For differentiation assays of single‐CXCL12hi/LEPR+‐cell‐derived clones, sorted CXCL12hi/LEPR+ cells were seeded into 96‐well plates at a density of three cells per well and were cultured in MSC expansion medium. Colonies were counted at day 7 to exclude the wells with more than one colony from further analysis. When confluent, the cells were differentiated toward the adipogenic or osteogenic lineage as described above.
CFU–F assay
Colony‐forming unit–fibroblast (CFU–F) assays were performed as described previously. 18 Sorted cells were plated at a density of 3–12 cells/cm2 in α‐MEM (Gibco) supplemented with 20% fetal calf serum (FCS) and 1% penicillin/streptomycin. The cultures were incubated at 37°C in a humidified atmosphere with 5% CO2. Colonies were counted after 14 days of culture.

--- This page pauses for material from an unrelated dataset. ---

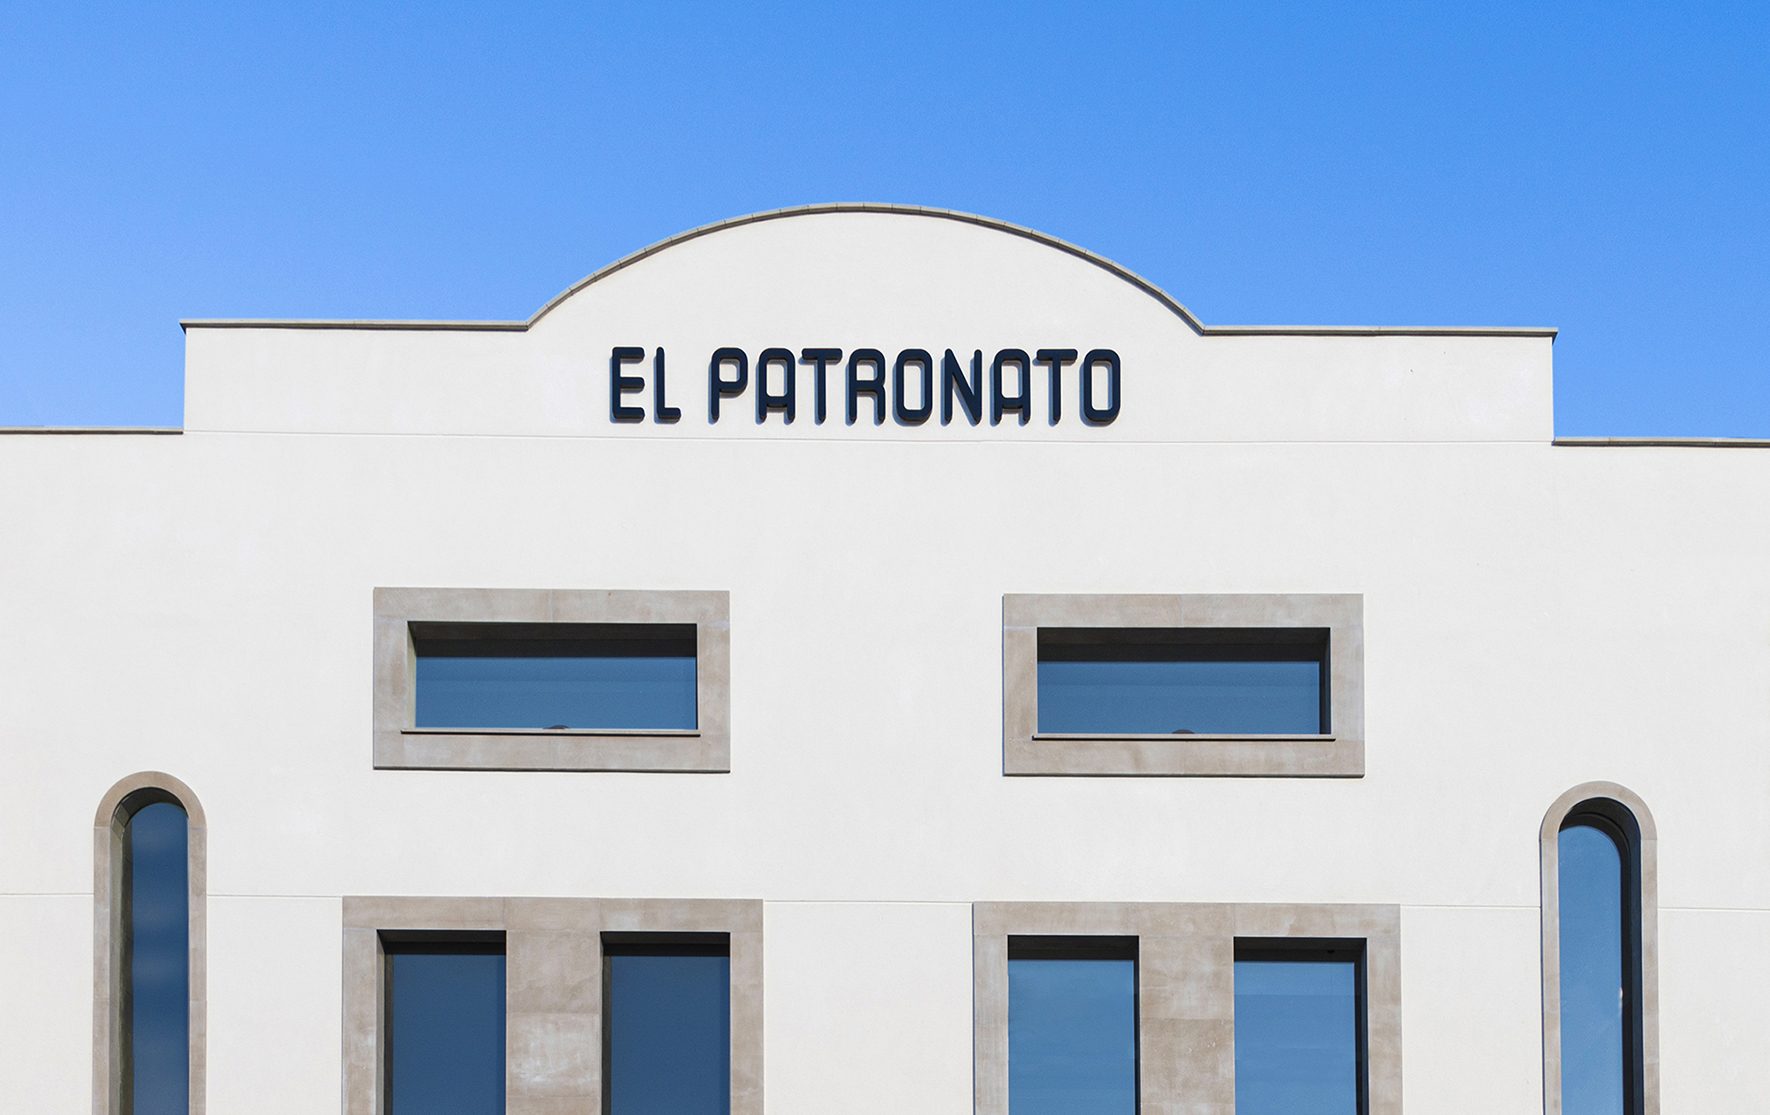 La Caja Rural de Villar inaugura el próximo lunes el edificio El Patronato
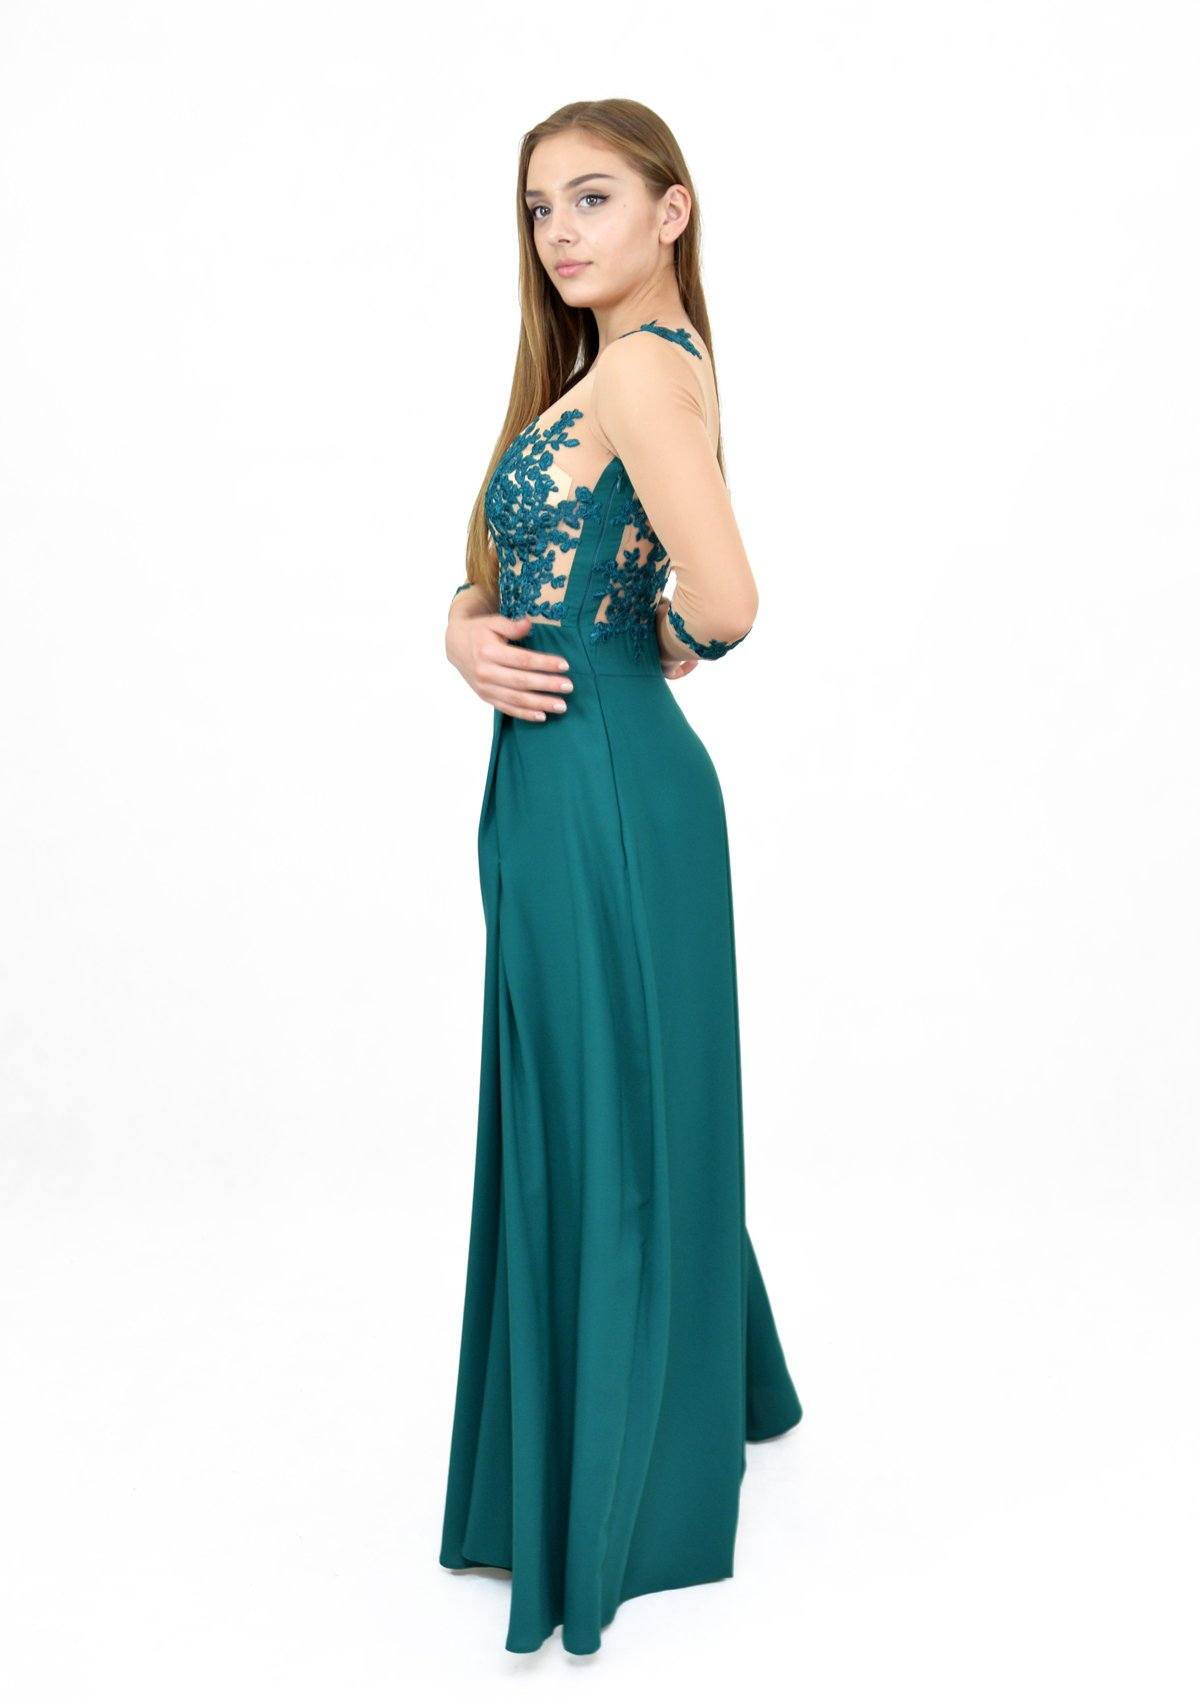 Rochie cusută manual cu mâneci din plasă, verde turcoaz Rochie R80106

Co‐culture of cord blood CD34+ cells with CXCL12Hi/LEPR+ cells
Sorted human CXCL12hi/LEPR+ cells were seeded at a density of 1·5 × 102 cells/cm2 into 96‐well plates and were cultured in MSC expansion medium for 10 days. Then medium was removed, and 5 000 human cord blood CD34+ cells (RIKEN BRC, Tsukuba, Japan) were co‐cultured with or without the adherent CXCL12hi/LEPR+ cells in StemSpan Serum‐Free Expansion Medium (StemCell Technologies, Vancouver, BC, Canada) supplemented with 25 ng/ml of recombinant human SCF (Fuji Film Wako Pure Chemical), thrombopoietin (TPO; Fuji Film Wako Pure Chemical) and fms‐related receptor tyrosine kinase 3 ligand (FLT3L; Fuji Film Wako Pure Chemical), and 1% penicillin/streptomycin at 37°C with 5% CO2. After one week of co‐culture, cells were harvested and the numbers of CD34+ cells were counted using flow cytometry.
Immunohistochemistry
Human bone marrow samples were fixed in 10% neutral buffered formalin, decalcified with EDTA and embedded in paraffin. Sections (6 µm) were generated via Kawamoto’s film method (Section‐Lab, Hiroshima, Japan) and used for immunohistochemical analysis. In brief, after deparaffinization and hydration, sections were boiled in citrate buffer (pH 6·0), incubated with blocking buffer (X0909, DAKO, Agilent, Santa Clara, CA, USA), and then stained with a primary antibody, followed by incubation with horseradish peroxidase (HRP)‐conjugated secondary antibodies. For detection, tyramide signal amplification (Tyramide SuperBoost Kit, Thermo Fisher Scientific) was used according to the manufacturer’s instructions. For multiplex staining with primary antibodies from the same species, the primary and secondary antibodies bound to the sections were stripped using citrate buffer (pH 6·0) in a microwave before staining with another primary antibody. Primary antibodies used were as follows: mouse anti‐CD31 (JC70A, DAKO), rabbit anti‐CD56 (MRQ‐42, Cell Marque, Rocklin, CA, USA), rabbit anti‐CD271 (HPA004765, Sigma‐Aldrich, St. Louis, MO, USA), rabbit anti‐EBF3 (ab207705, Abcam, Cambridge, UK) and mouse anti‐ runt‐related transcription factor 2 (RUNX2) (8G5, MBL International, Woburn, MA, USA). The nuclei of cells were stained with 4′,6‐diamidino‐2‐phenylindole (DAPI) dye. Confocal tiled Z‐stack images were acquired using a Zeiss LSM 510 META microscope equipped with a Plan‐Apochromat 20×/0·8 objective and a Plan‐Apochromat 63×/1·4 oil objective, and analyzed using Zeiss ZEN (Carl Zeiss, Oberkochen, Germany) and Bitplane Imaris 8.3.1 (Bitplane, Zurich, Switzerland) software.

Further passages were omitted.